Figure 4. Gut microbiota compositions ranging from phylum to order of KK-Ay mice with different age. (A) The Circos analysis displays the gut microbiota composition at the phylum level; (B-D) The Kruskal-Wallis H test bar plots show the statistical significance of differences at the phylum, class and order level, respectively. KK_0W, KK-Ay mice at 10 weeks old; KK_2W, KK-Ay mice at 12 weeks old; KK_4W, KK-Ay mice at 14 weeks old; KK_8W, KK-Ay mice at 18 weeks old; *p < 0.05, between groups; **p < 0.01, between groups.
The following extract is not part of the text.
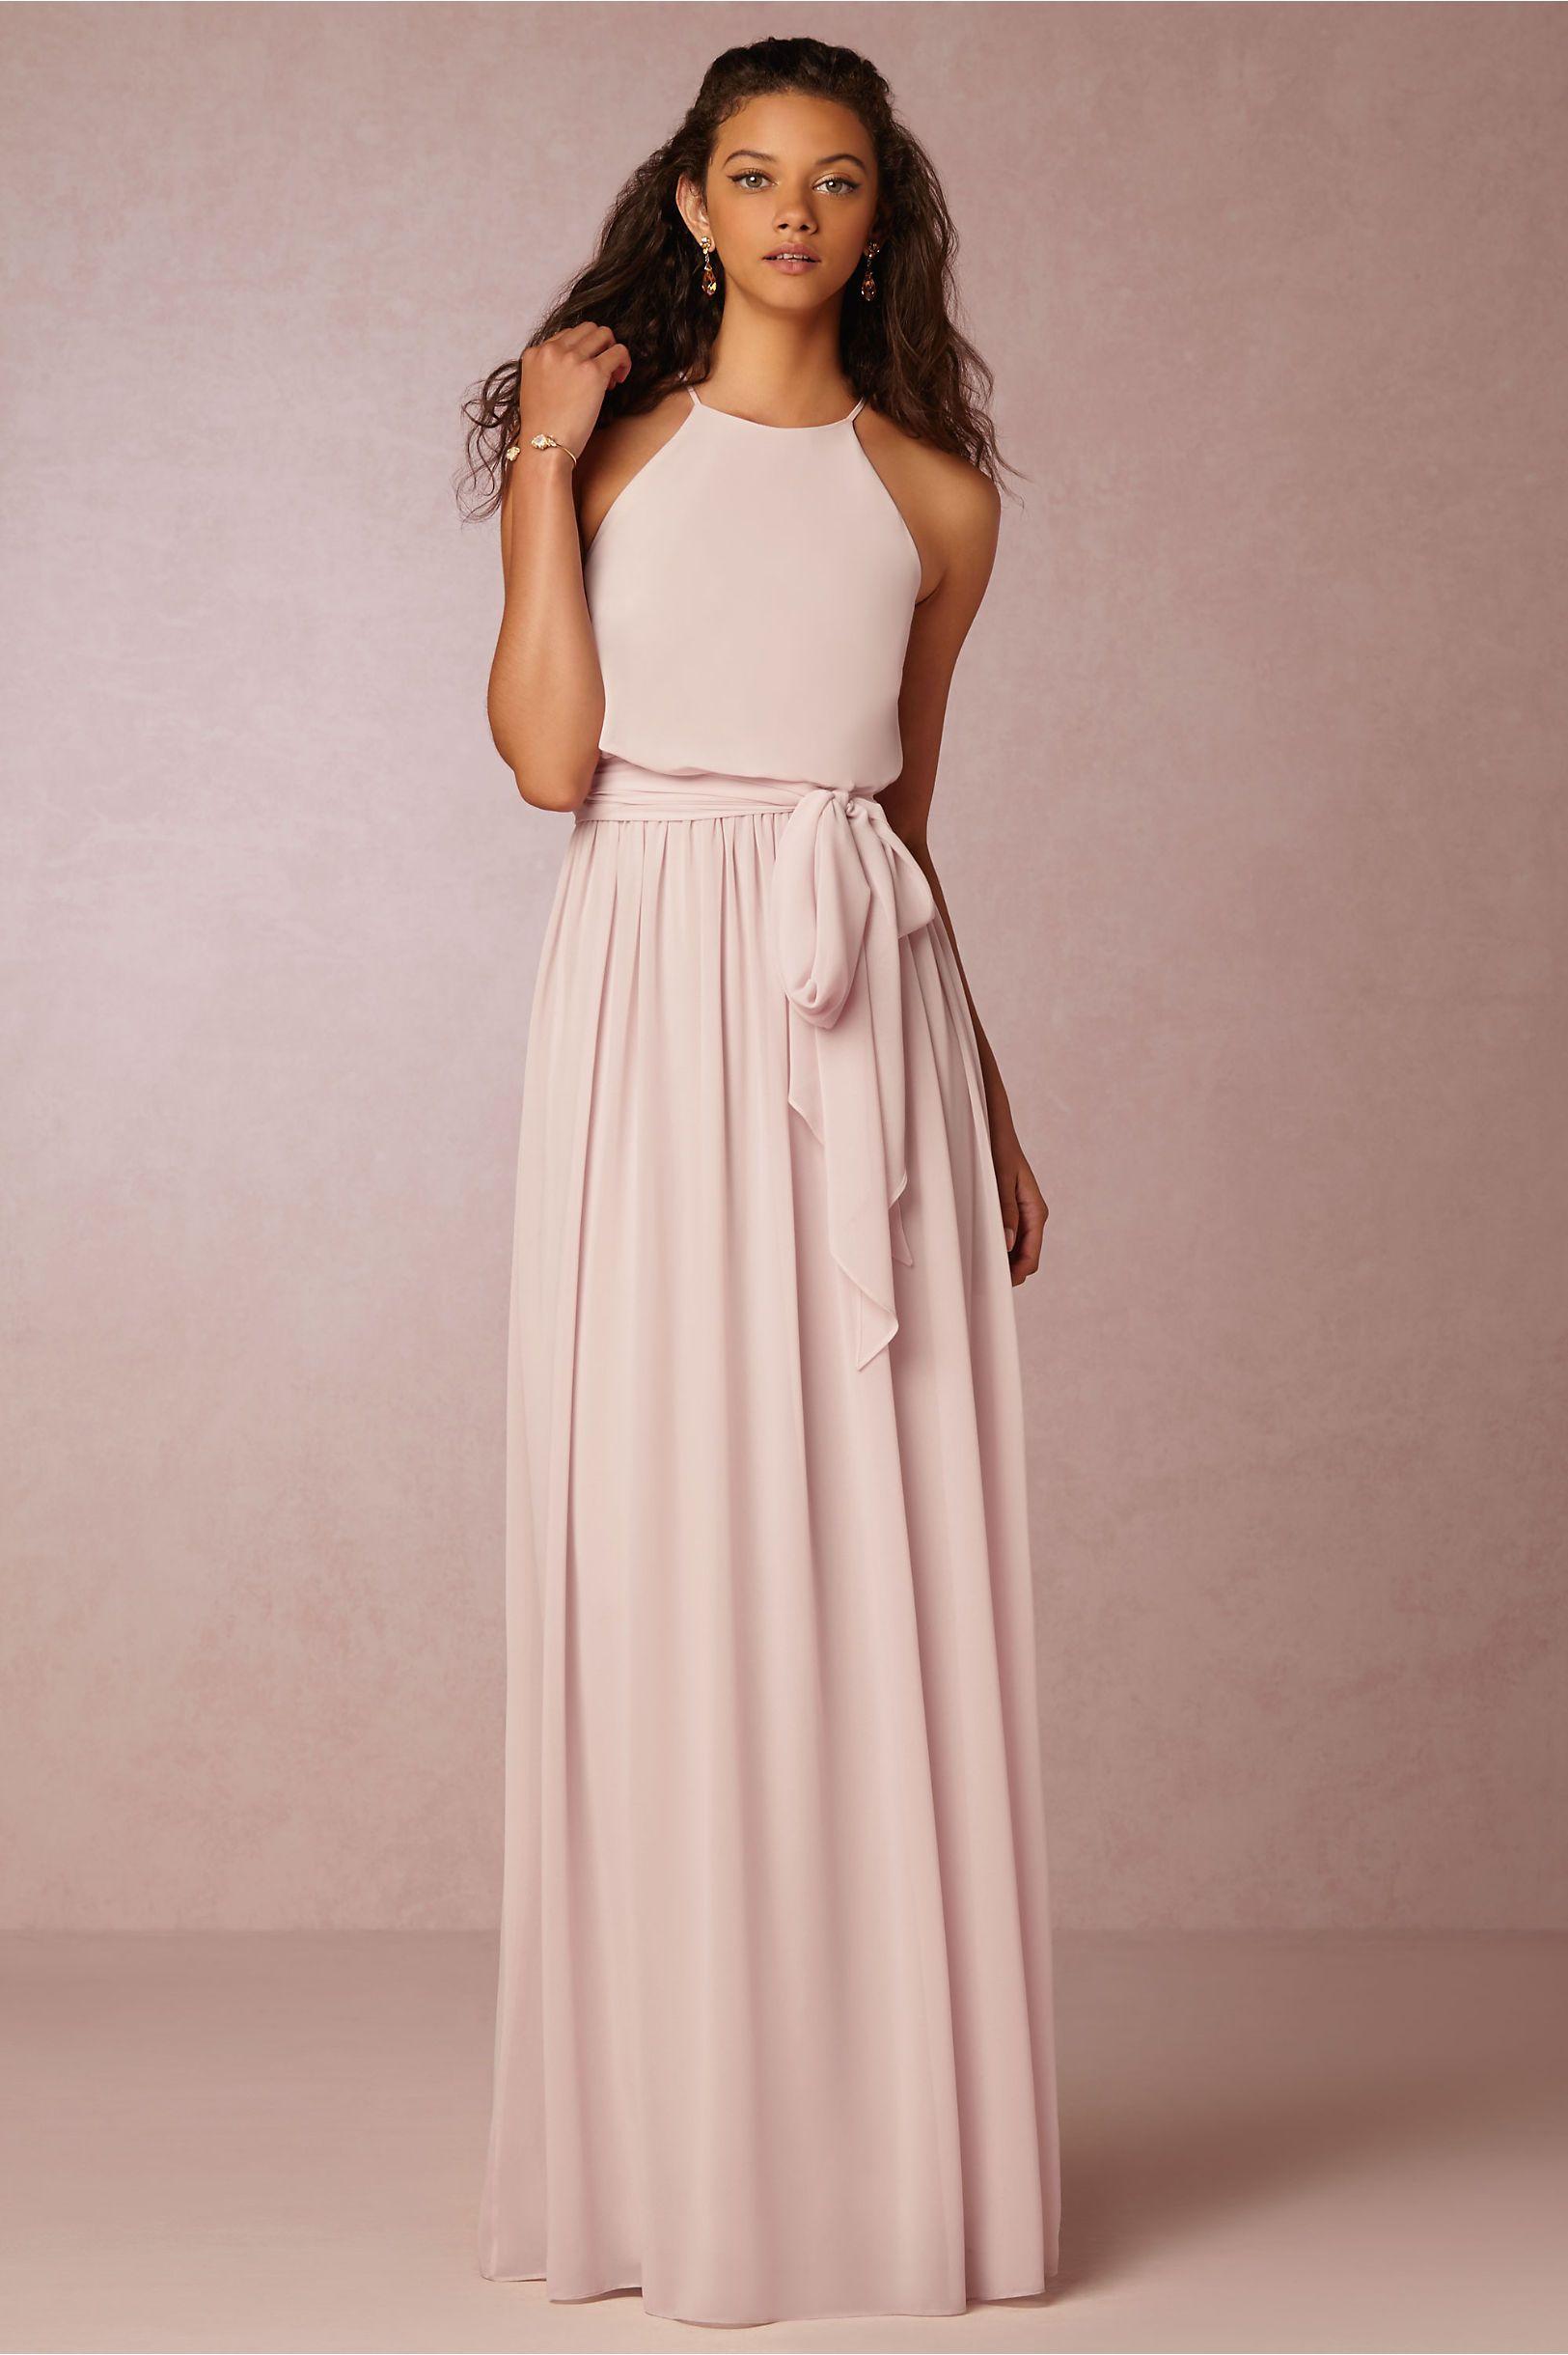 Bhldn alana dress in bridesmaids bridesmaid dresses at bhldn soon

At the family level, the Circos analysis in Fig. 5A and bar plot in Fig. S5A indicated the increase of Lachnospiraceae, Rikenellaceae, Oscillospiracceae, Eubacterium_coprostanoligenes_group, Marinifilaceae, and Ruminococcaceae, as wells as decrease of the abundance of Lactobacillaceae, Prevotellaceae and Bacillaceae. Kruskal-Wallis H test bar plot in Fig. 5B further demonstrated the significant increase in the abundance of Lachnospiraceae, Butyricicoccaceae, Oscillospiracceae, Deferribacteraceae, Ruminococcaceae and Helicobacteraceae, decrease of the abundance of Lactobacillaceae, Saccharimonadaceae, Eggerthellaceae, Clostridiaceae, Erysipelotrichaceae, Streptococcaceae and Sphingomonadaceae. The heatmap in Fig. S5B indicated the changes of microbial composition at the genus level, and the significant difference were further calculated in Kruskal-Wallis H test in Fig. 5C. The results showed a significant higher abundance of genera Lachnospiraceae_NK4A136_group, Roseburia, Colidextribacter, Rikenellaceae_RC9_gut_group, and Oscillibacter, and lower abundance of Lactobacillus and Candidatus_Saccharimonas in KK_2W, KK_4W, and KK_8W group, when compared to KK_0W. Fig. S5C showed the Kruskal-Wallis H test bar plot analysis at the species level of KK-Ay mice with different age.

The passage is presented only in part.